CILIUM_POST_nat chain contains the rules as above, the rule of podIP Masq is mainly this, through iptables is very simple to achieve podIP SNAT into nodeIP:

1
-A CILIUM_POST_nat -s 20.30.137.0/25 ! -d 10.216.136.0/21 ! -o cilium_+ -m comment --comment "cilium masquerade non-cluster" -j MASQUERADE

Of course, eBPF is still used to implement podIP Masq because it skips netfilter and the packets don’t have to be copied to the kernel to go through netfilter, so the performance is higher compared to iptables, so it is better to use eBPF if needed. However, eBPF has high performance but is complex to implement.

Comparison with calico

calico also has podIP masq to nodeIP, see Configure outgoing NAT , which can be configured via the parameter natOutgoing.

1
2
3
4
5
6
7
apiVersion: projectcalico.org/v3
kind: IPPool
metadata:
  name: default-ipv4-ippool
spec:
  cidr: 192.168.0.0/16
  natOutgoing: true

We have a small cluster of production K8s, and the container network plug-in is calico, configured with natOutgoing: false turned off. calico is supposed to downlink SNAT implemented by iptables rules by default.

Summary

cilium uses podIP Masq by default, so that when the pod is not accessing other pods, it will SNAT the podIP to nodeIP, especially useful when the podIP is not reachable on the private network and accessing resources outside the cluster.
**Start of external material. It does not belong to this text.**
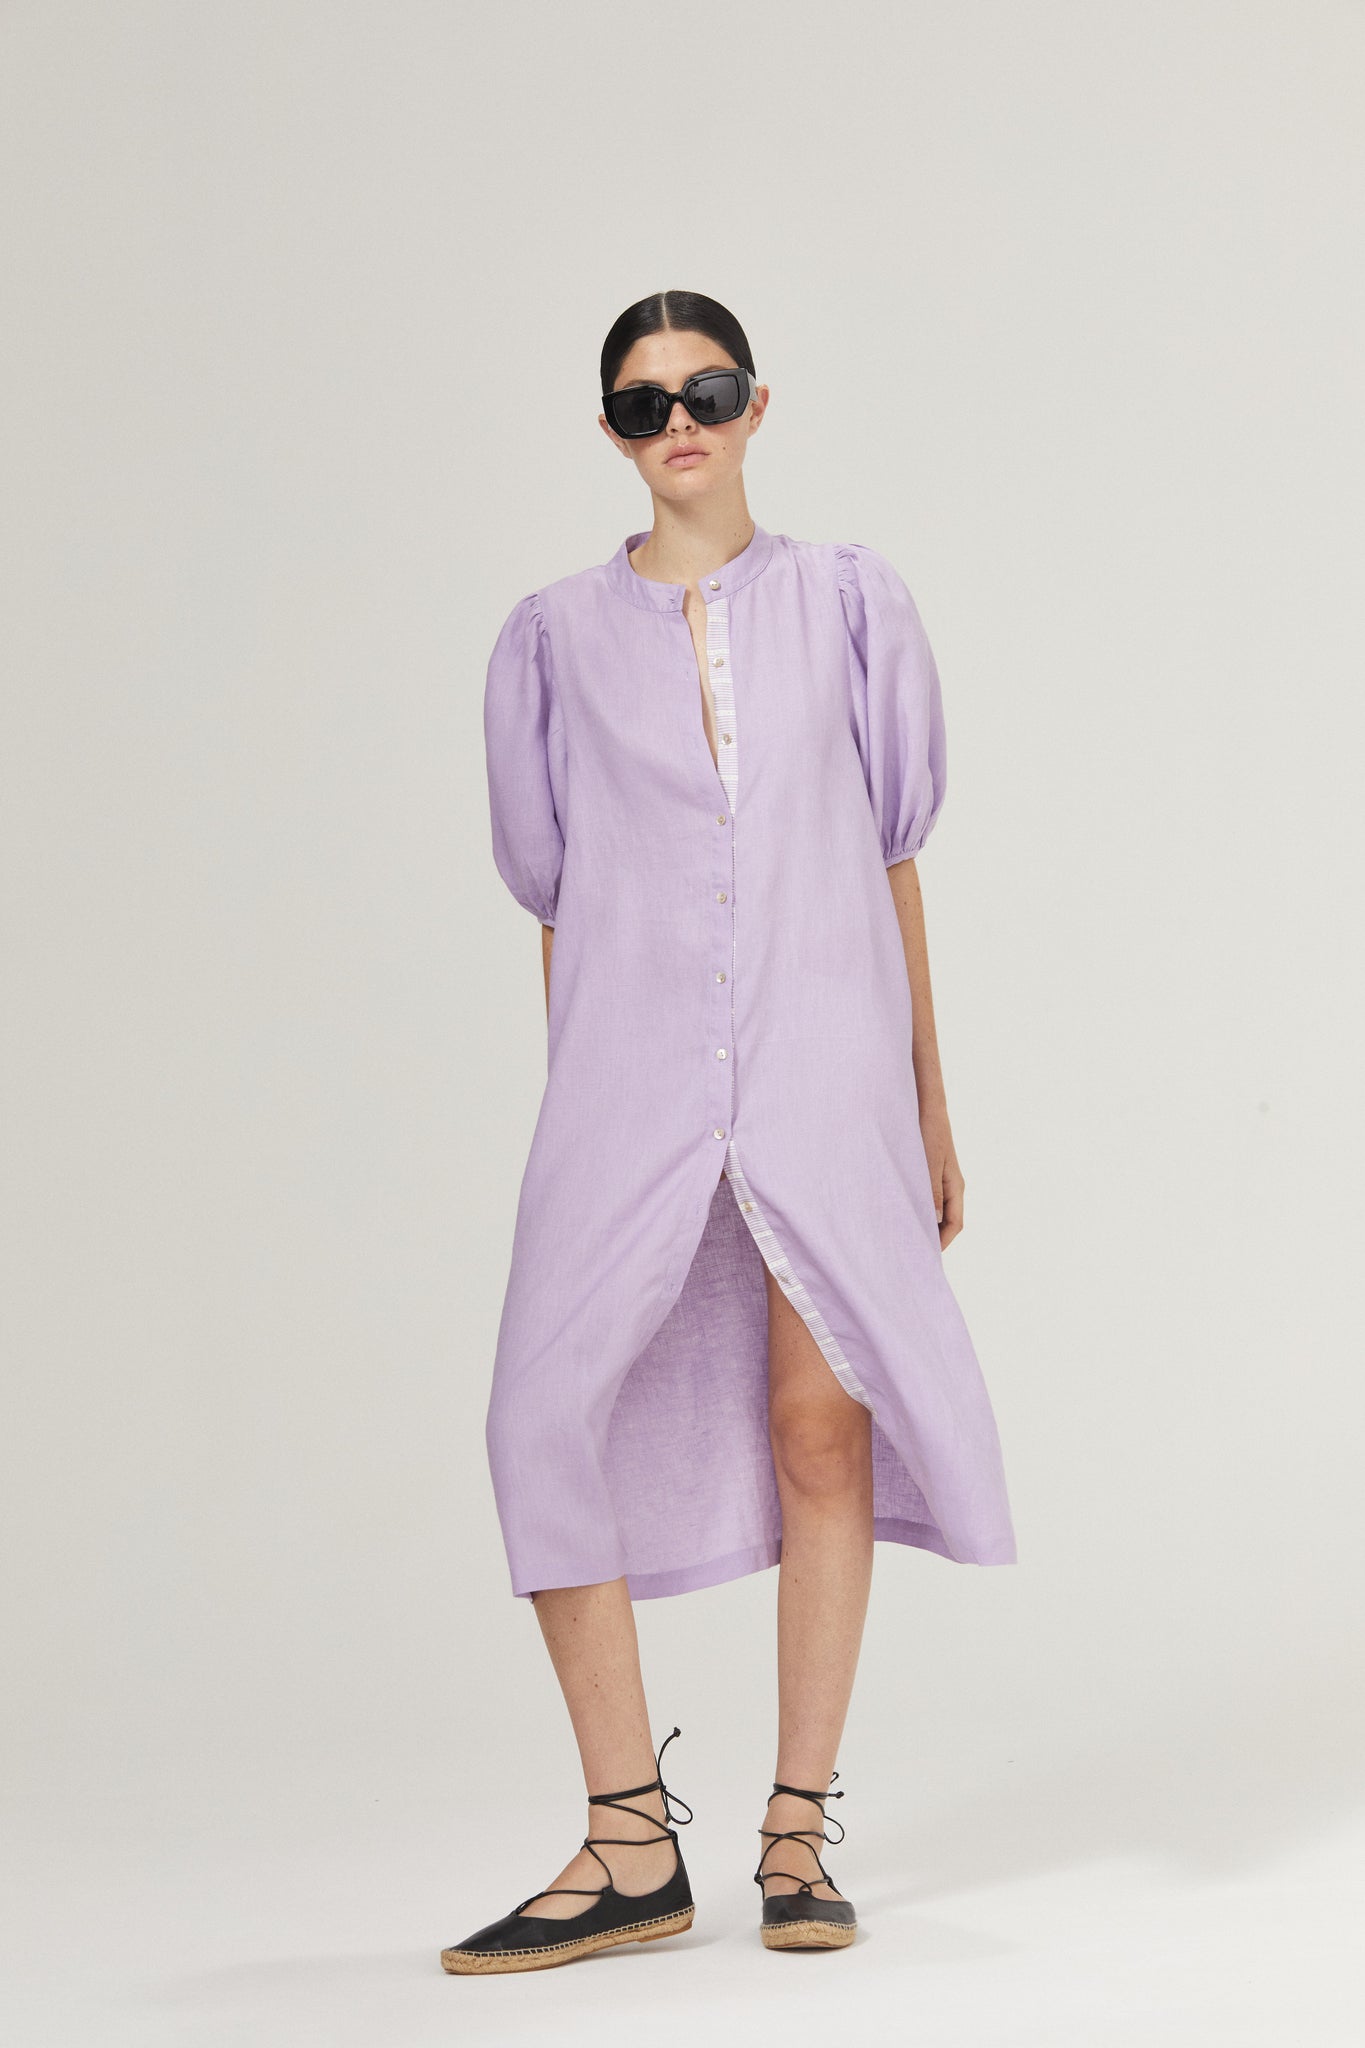 Bubble Linen Dress - Bright Lilac with Contrasting Details
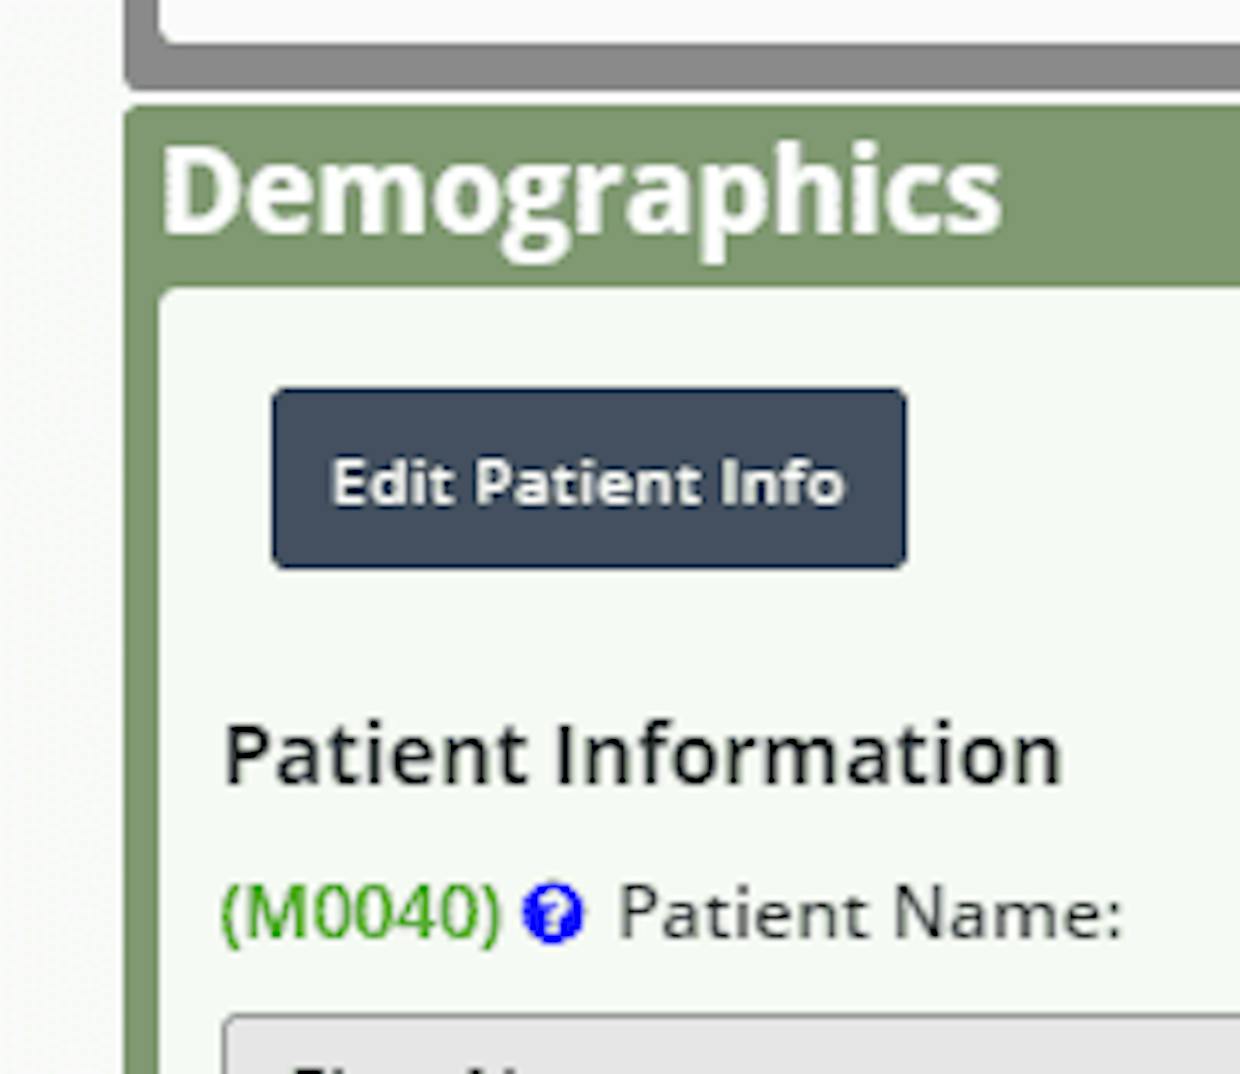 I have a patient that DID have a hospital stay in the last 14 days, but the clinician answered it as no, but there is a hospital discharge date entered further down. I can't get the M1000 question to open so I can make the change. Can someone help me with instructions on how to do that? Thank you,.

However, since we use cilium + BGP mode, the podIP is reachable on the company’s intranet and we don’t need this feature, so we need to configure it off.

In addition, a pitfall is that our configuration has never turned off this feature, so the configuration has always been wrong, just because of the cilium v1.8.1 own bug, resulting in podIP Masq is not turned on.

To be researched

cilium podIP Masq ebpf logic shared NodePort service implementation, can investigate how cilium implements NodePort service?